Вот тут-то и становится первостепенно, неотступно важным вспомнить все: и коммунальную квартиру в бывшей городской усадьбе инженера Аргамакова, и тетю Котю с тетей Ксеней, которые уберегли дитятю от голода военных лет и тускленького ада казенного приемника для отпрысков “врагов народа”, и урочьи ухватки малолетних капитанов “булгарских” проходных дворов, и тот “горячий суп с капустой” – “отнюдь не щи и уж тем более не борщ”, – который отпускался по талонам в казанских “питательных пунктах”.
Отца, который напоследок, перед отправкой в угольные шахты, сажает пятилетнего сына на плечи и, как бывало прежде, до разлуки, до разнятия, “катает на верблюде” под приглядом угрюмой гимнастерочной охраны.

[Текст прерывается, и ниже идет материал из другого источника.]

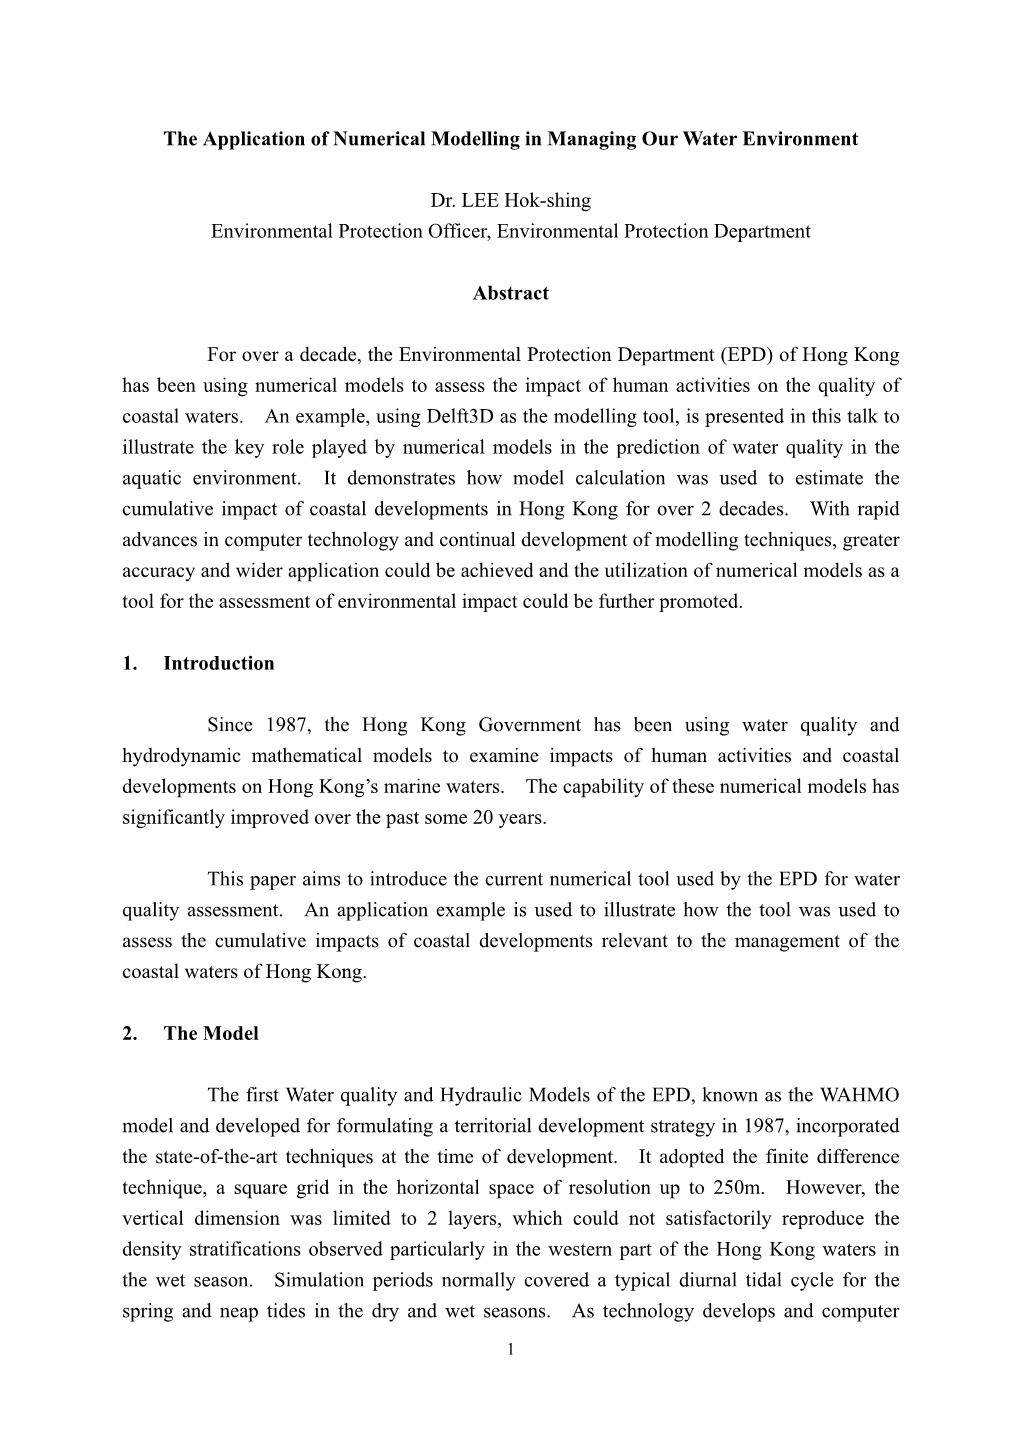 The Application of Numerical Modelling in Managing Our Water Environment Dr. LEE Hok-Shing Environmental Protection Officer

Волшебные дары союзников, груз северных конвоев, идущих в Мурманск через океан: обогащенный витаминами яичный порошок, намазанный на ломтик ржаного хлеба мягкий белый лярд, ветчинные консервы с ключом на ленте мягкого металла, брезентовые синие штаны, которым нет ни сноса, ни названия – пока что – в русском языке, чудесные канадские ботинки с отпечатками герба Британской империи на каучуковых подошвах.

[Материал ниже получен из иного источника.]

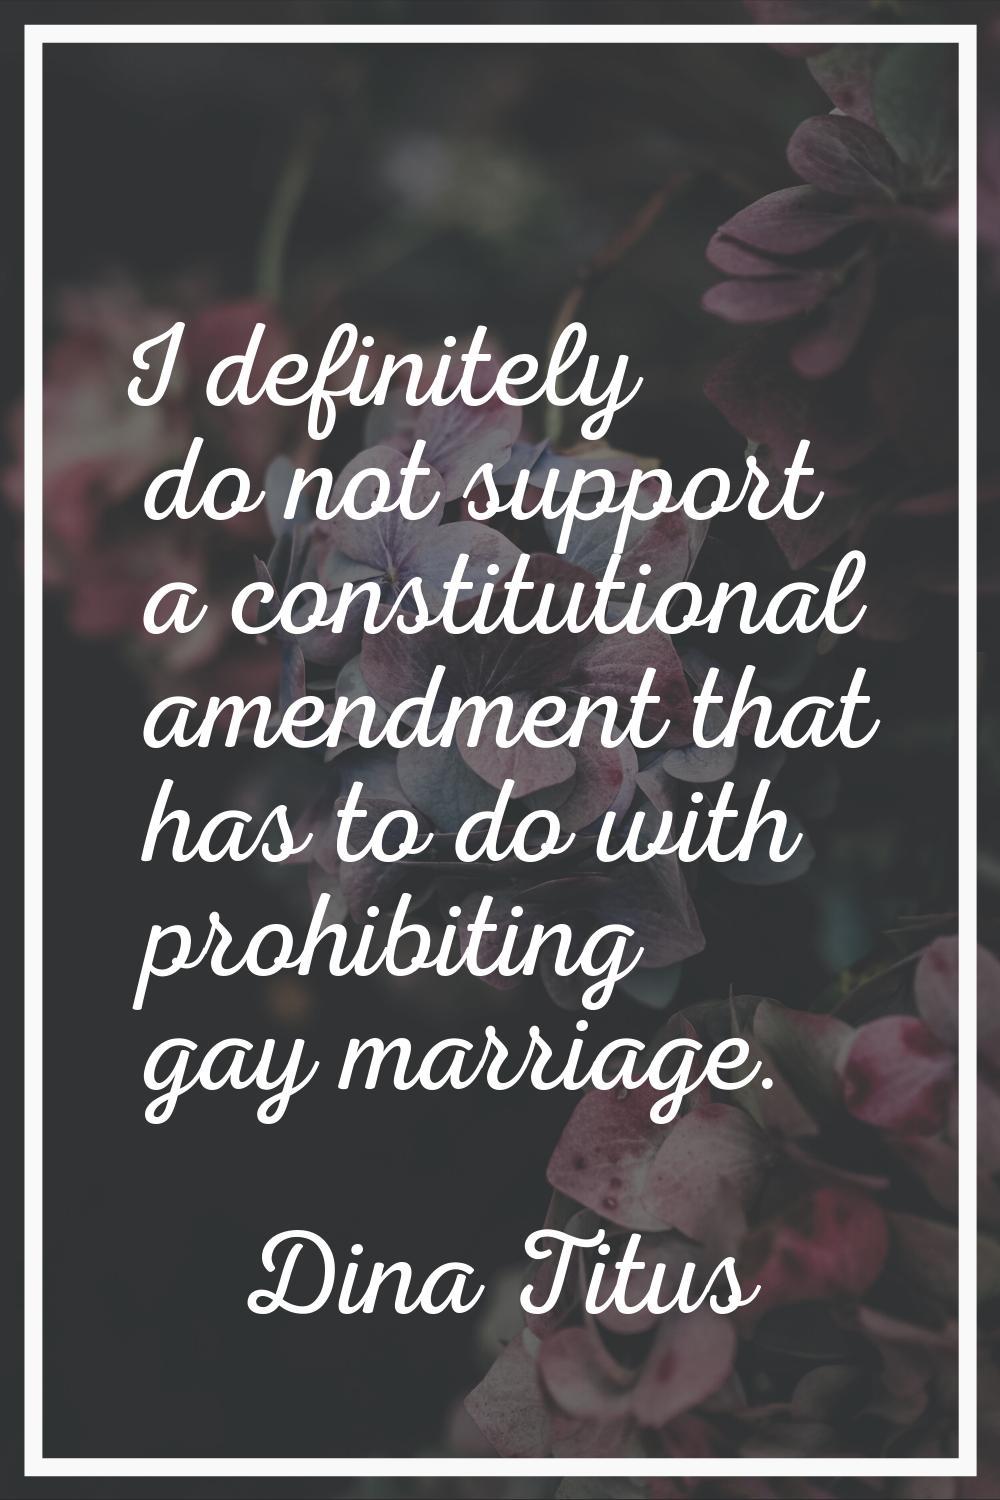 I definitely do not support a constitutional amendment that has to do with prohibiting gay marriage

“Серебряные обвалы огромного джаза” в американском привозном кино и на коротких волнах “Телефункена” товарища Яшметова.
Малейшие детали в изготовлении сливочного лакомства: “На дно жестяного стакана укладывалась большая круглая вафля. Из бидона зачерпывался половником комок морозной жирной массы. Жестяной стакан раскручивался и производил кругообразную, по границам вафли, ванильную котлетину. Сверху котлетина накрывалась еще одной вафлей…”
Увидеть это все (малозначительного нет) обратным зрением, запечатлеть и обессмертить. Все, что было в начале. Все то, что предопределило. Нащупать скрытый узор судьбы, вплетенный в ткань жизни: дважды тонул, и дважды вытащили, спасся; мог вырасти “Иваном, не помнящим родства”, подобно сотням сверстников, которых оторвали от семей и разбросали по специальным детколлекторам, но брат отца чудесным образом нашел ребенка в детдоме под Коростой, вернул назад, в гнездо, туда, где “мы сидим вокруг стола и с любовью смотрим друг на друга перед тем, как начать тихую трапезу”.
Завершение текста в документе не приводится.